Troy Taylor observes that his Reproduco has a music roll vacuum cleaner
mounted just before the tracker bar. The "Catch-All Tracker Cleaner"
itself couldn't be simpler -- it is a round metal tube with one side
ground off to open a slot of 1/8th-inch height or less across the
entire width of a roll.
No, Troy, I'm fairly certain that these were not after-market devices.
Every 11.25-inch roll drive I have seen has the same gadget. It does
catch the paper dust as the roll passes over it. I don't know how much
air loss there is by having two places for the suction losses in the
roll box. It is my guess that it is fairly small, but more than the
air loss by way of the tracker bar.
I would clean out the screen in the little glass jar rarely. It has
so much room for dust to be trapped that I doubt that some of the jars
were ever emptied. I'm surprised that the cleaner didn't catch on and
find its way to other players. Coinola probably put the cleaner on the
instruments that would be in commercial use.

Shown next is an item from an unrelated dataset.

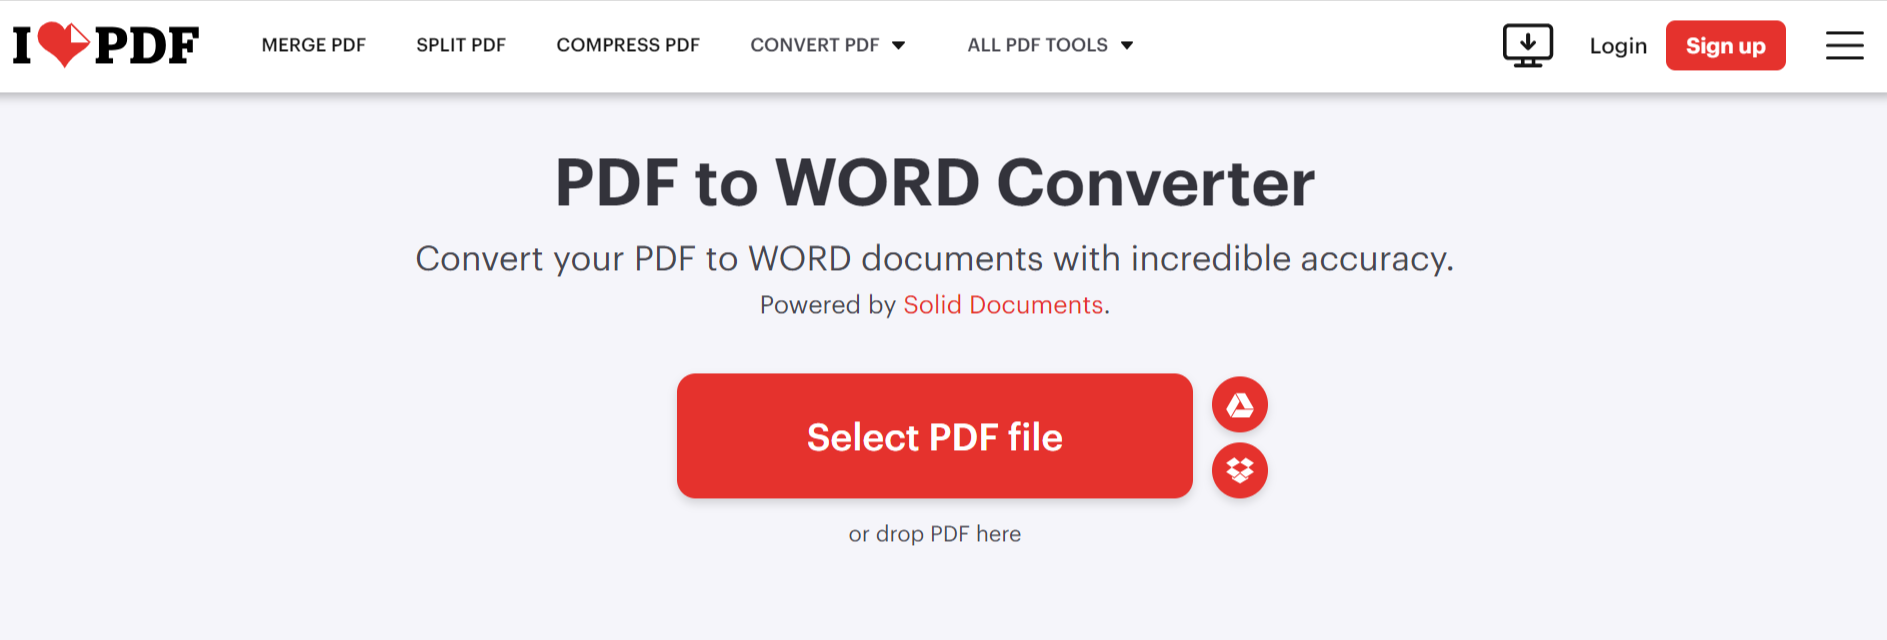 iLovePDF PDF to WORD Converter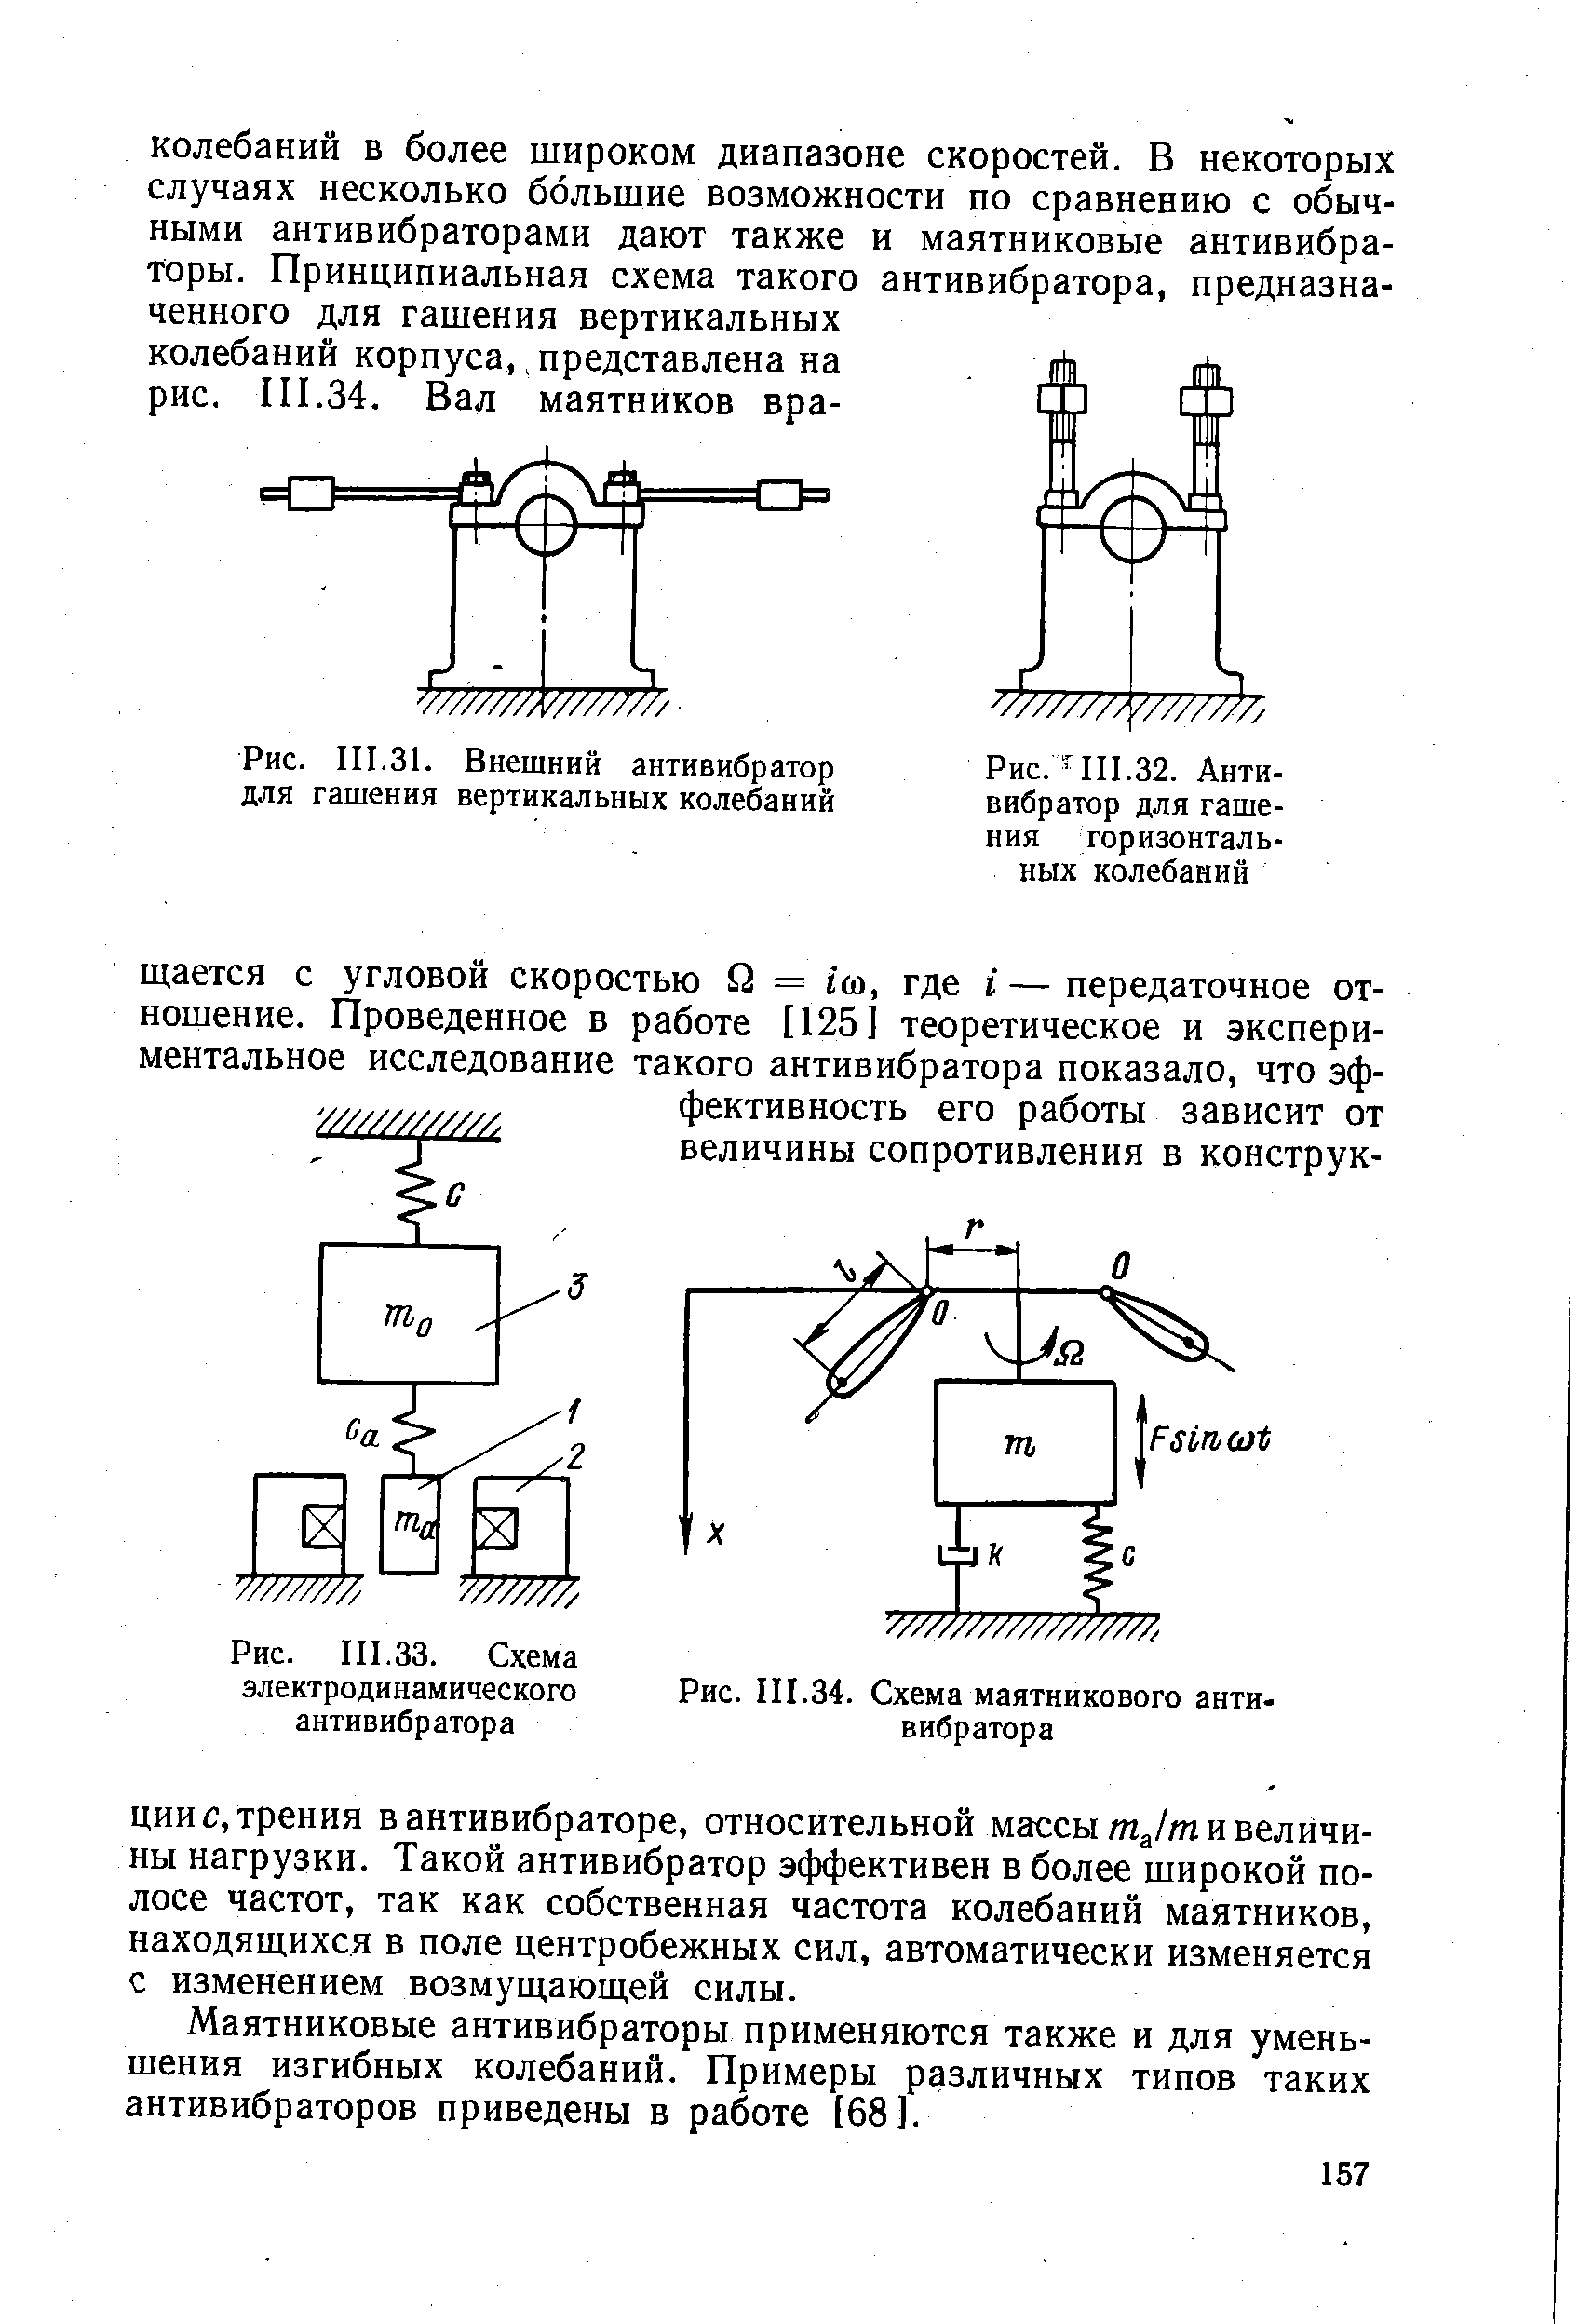 Рис. III.33. Схема электродинамического антивибратора

The doors on my instrument do not scrape against the supports for the
cleaner. Can the metal tube be mounted further inward?
It occurred to me that the cleaner would add a bit more friction than
occurs with the suction of the paper against the tracker bar. This
effect could have been used to alleviate the problem of the music
slowing or stopping when the vacuum is increased at the tracker bar.
By simply making the vacuum at the cleaner adjust inversely as the
tracker bar vacuum goes up. In other words, as the drag at the tracker
bar goes up, the drag at the cleaner goes down. Probably someone at
the factory would figure out a way to vary the pressure inversely using
a simply gadget -- like a small version of the roll motor governor.
Bill Chapman - in sunny La Quinta, Calif.; 85 F. today!